Elizabeth Goodman, a doctoral candidate in the School of Information, will be speaking at this week's Data and Cities Conference in San Francisco.
The Data and Cities Conference is sponsored by Stamen Design and is part of the Citytracking project, a two-year project to change the way people view, talk about, and utilize digital city services to improve their urban lives. The project is sponsored by a grant from the Knight News Challenge.
Elizabeth Goodman's research combines human-computer interaction (HCI) with geography, investigating the design of ubiquitous computing systems for everyday urban places such as cafes and gardens.

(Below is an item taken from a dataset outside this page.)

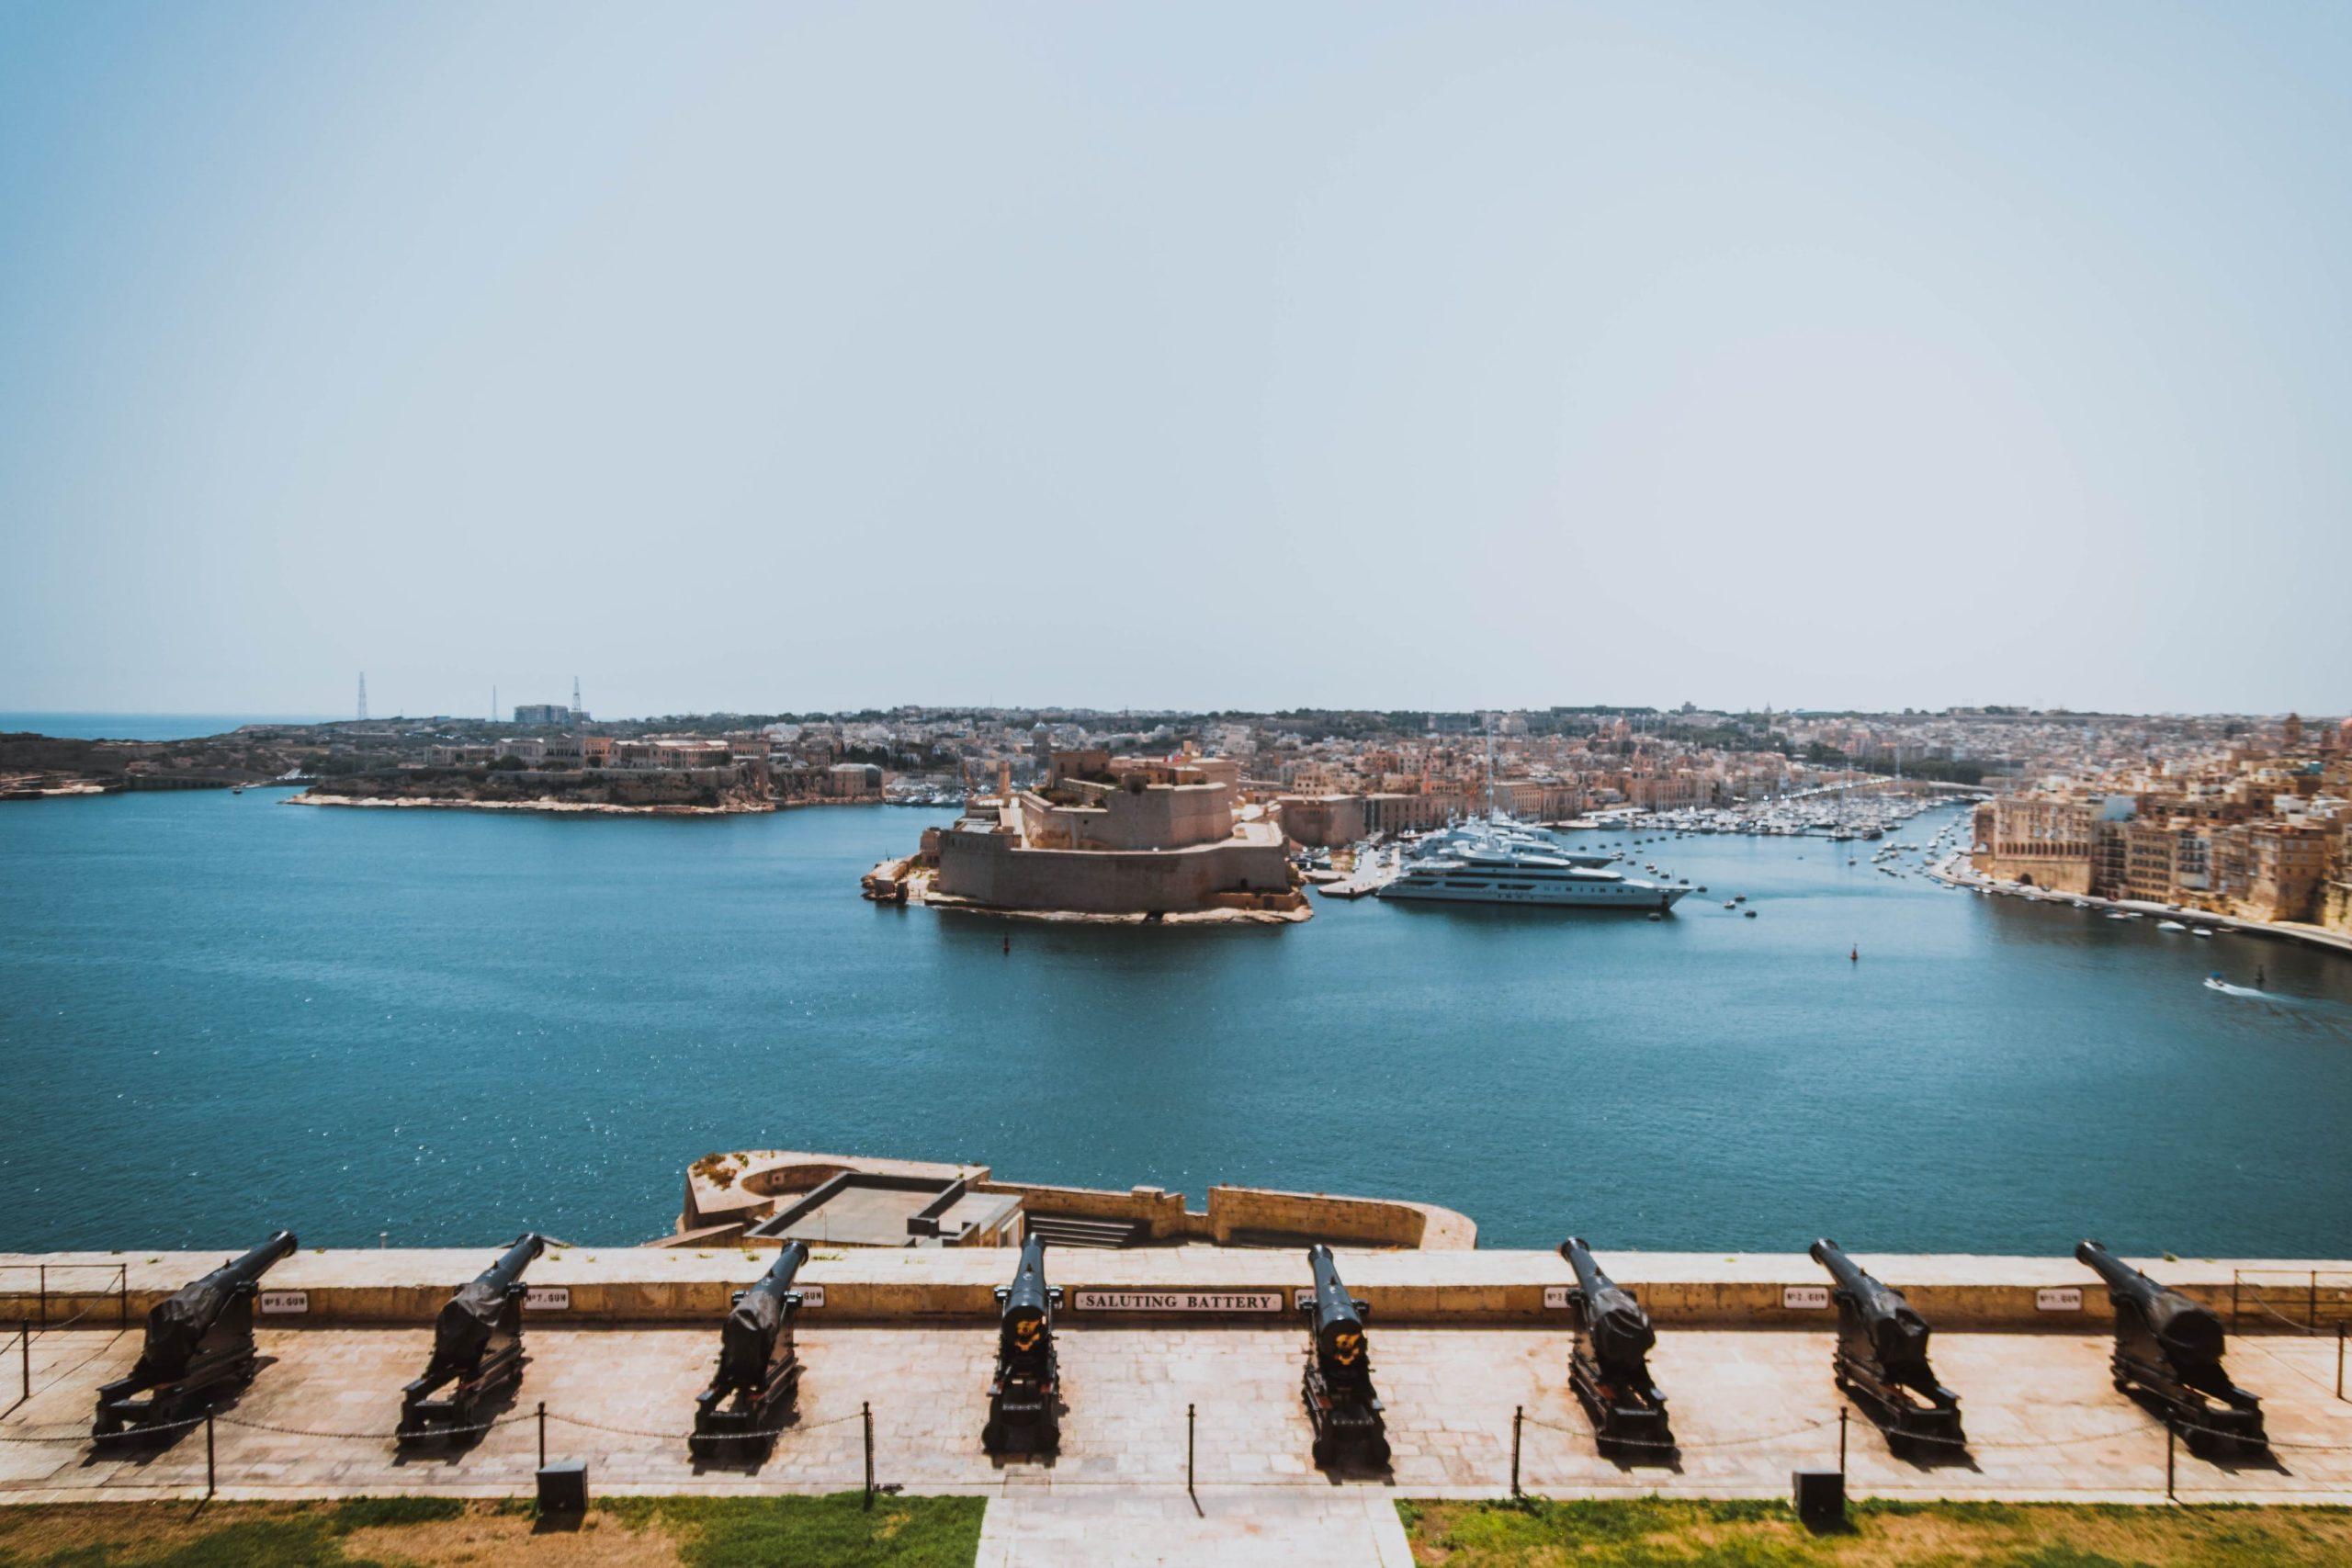 En voyage à La Vallette

Her dissertation will focus on designing ubiquity: a professional interaction design process for commercial mobile and ubiquitous computing. She is also interested in how information systems might play a role in the creation and stewardship of urban green spaces for local food production and neighborhood activism.
Goodman recently organizing "City Centered", a site-specific art festival in San Francisco's Tenderloin neighborhood that brought together community organizations and locative media artists. She has a master's degree in interaction design from the Interactive Telecommunications Program at New York University and a B.A. in art from Yale University.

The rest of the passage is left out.